In the synthetic model, liquidity is typically provided by active users (peer-to-peer matching), liquidity vaults (as a backup), and market makers who quote buy and sell prices on the order book. As mentioned earlier, in some purely synthetic models, such as @GainsNetwork_io, the liquidity vault itself acts as the counterparty for all trades, thus eliminating the need for direct order matching.

Advantages:

The trade-offs of synthetic models differ from those of hard liquidity support models, but they also bring a range of advantages:

Capital efficiency: Synthetic models are highly capital efficient because they do not require direct 1:1 backing of physical assets. As long as there is sufficient liquidity to cover the potential outcomes of active trades, the system can operate with fewer assets.

Asset flexibility: These systems are more flexible in terms of trading assets since positions are synthetic. There is no need to provide direct liquidity for each asset, allowing for a more diverse range of trading pairs and enabling faster—sometimes even semi-permissioned—listing of new assets.

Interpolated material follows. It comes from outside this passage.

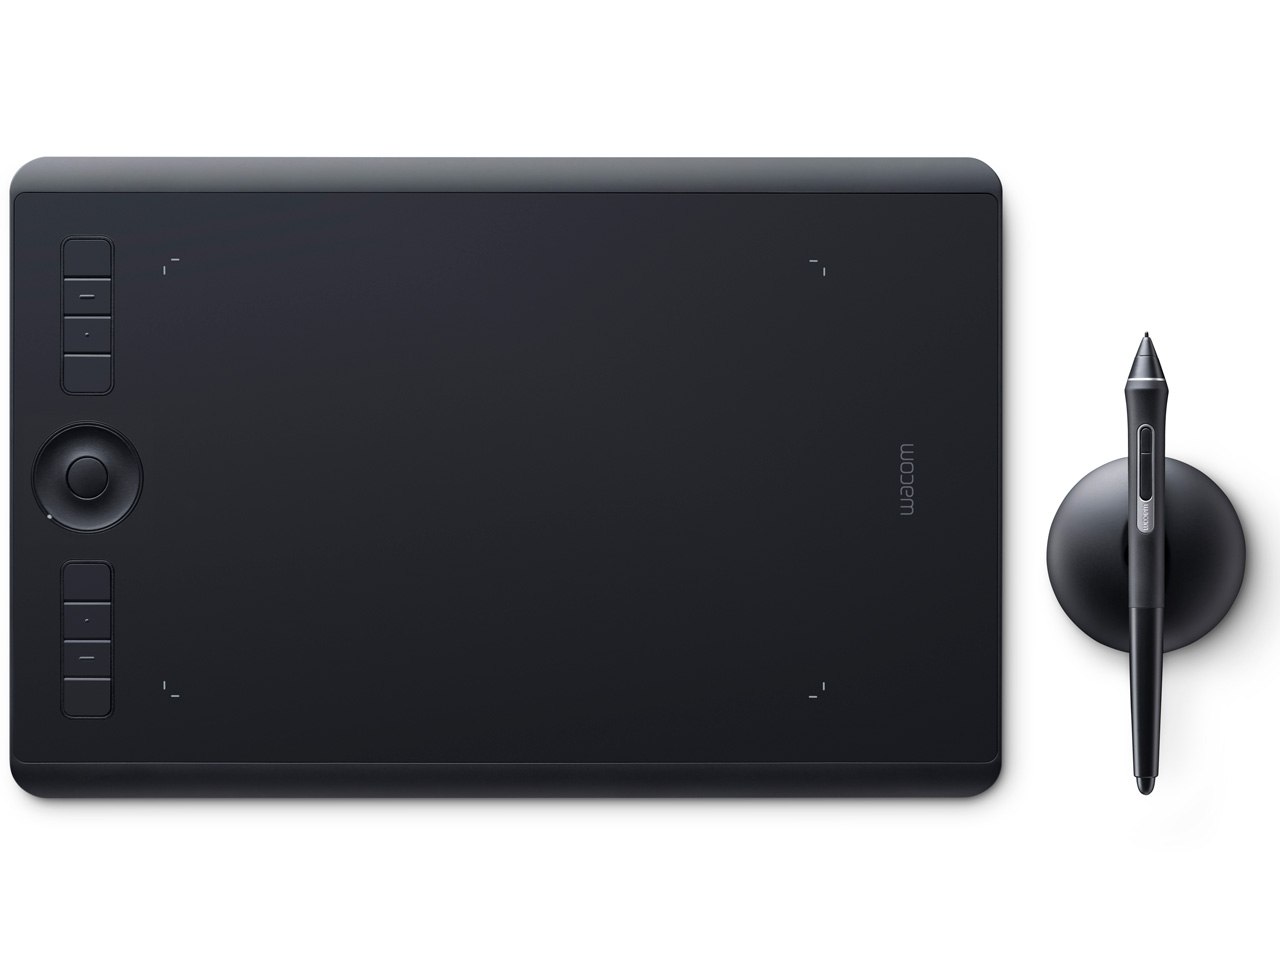 Intuos Pro Medium PTH-660/K0 [ブラック] の製品画像

This is particularly evident in the pre-release markets of Hyperliquid, where the assets traded in these markets may not even exist yet.

Better price execution: Since trades are purely synthetic, it is possible to achieve better price execution, especially when market makers are active on the order book.

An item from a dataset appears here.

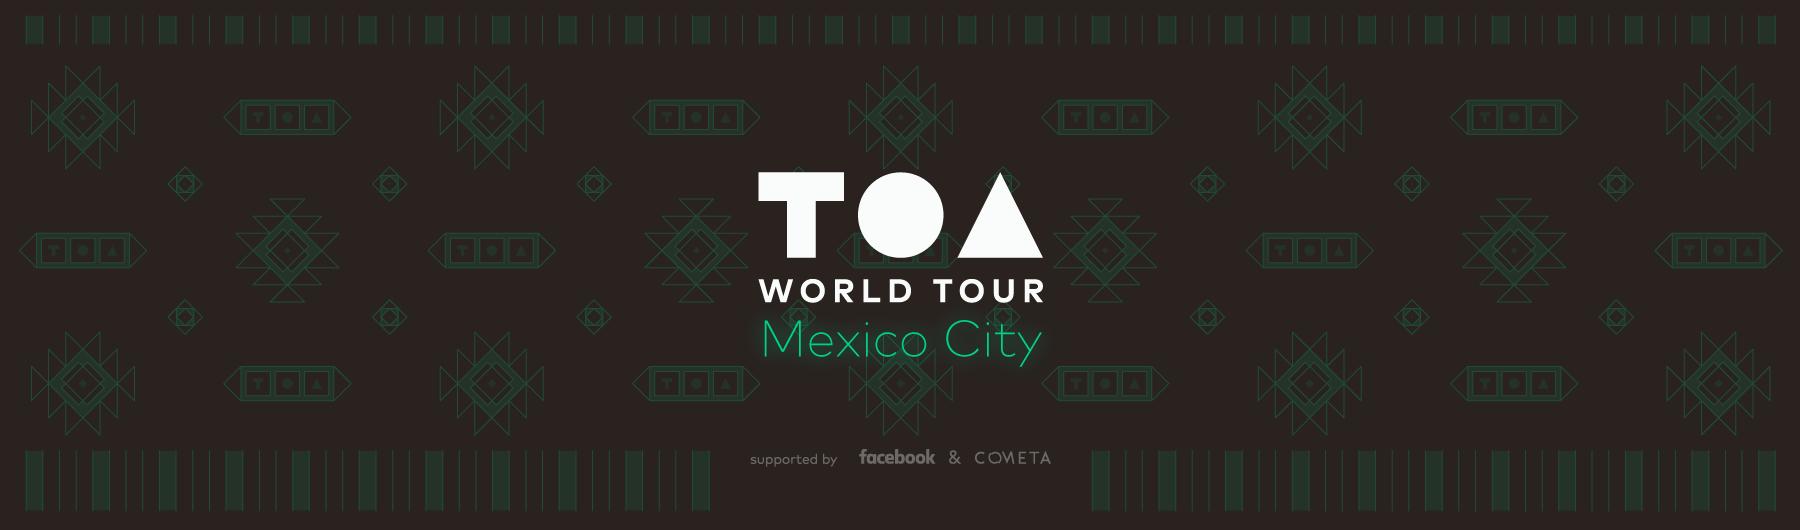 TOA WorldTour: Mexico City

However, these models also have some significant drawbacks:

Dependence on oracles: Synthetic models are highly dependent on price oracles, making them more susceptible to related issues such as oracle manipulation or delays.

Lack of liquidity contribution: Unlike hard support models, synthetic trading does not contribute to the global spot liquidity of assets, as liquidity only exists within the order book of derivatives.

Despite decentralized exchanges accounting for a relatively small proportion of the overall perpetual contract trading volume (about 2% of the market) compared to centralized exchanges, diverse models are laying the groundwork for future actual growth. The combination of these models, along with continuous improvements in capital efficiency and risk management, will be key for decentralized exchanges to expand their market share in derivatives.

Perpetual Contract Trading Volume Distribution — Source: GSR Annual Report

Contribution of Chaos Labs

Chaos Labs plays a significant role in risk management for hard support liquidity and synthetic models, catering to the specific needs of our partner platforms such as @GMX_IO, @dYdX, @SynFuturesDeFi, @JupiterExchange, @OstiumLabs, and @Bluefinapp.

As a long-term provider of risk analysis, Chaos Labs helps protocols manage leverage limits, liquidation thresholds, collateral requirements, and overall platform health through real-time risk assessments and simulations.

Chaos Labs' latest product, Edge Network, introduces a decentralized oracle system that helps reduce risks associated with oracles, ensuring that both synthetic and hard support models can benefit from real-time, accurate price data. Edge has already been used as a primary oracle by well-known platforms like Jupiter.

Chaos Labs also collaborates with partners to develop optimized liquidity incentive programs to ensure a smooth trading experience and attract more liquidity.

Finally, Chaos Labs provides public dashboards for monitoring risk parameters on platforms such as GMX, Jupiter, Bluefin, and dYdX.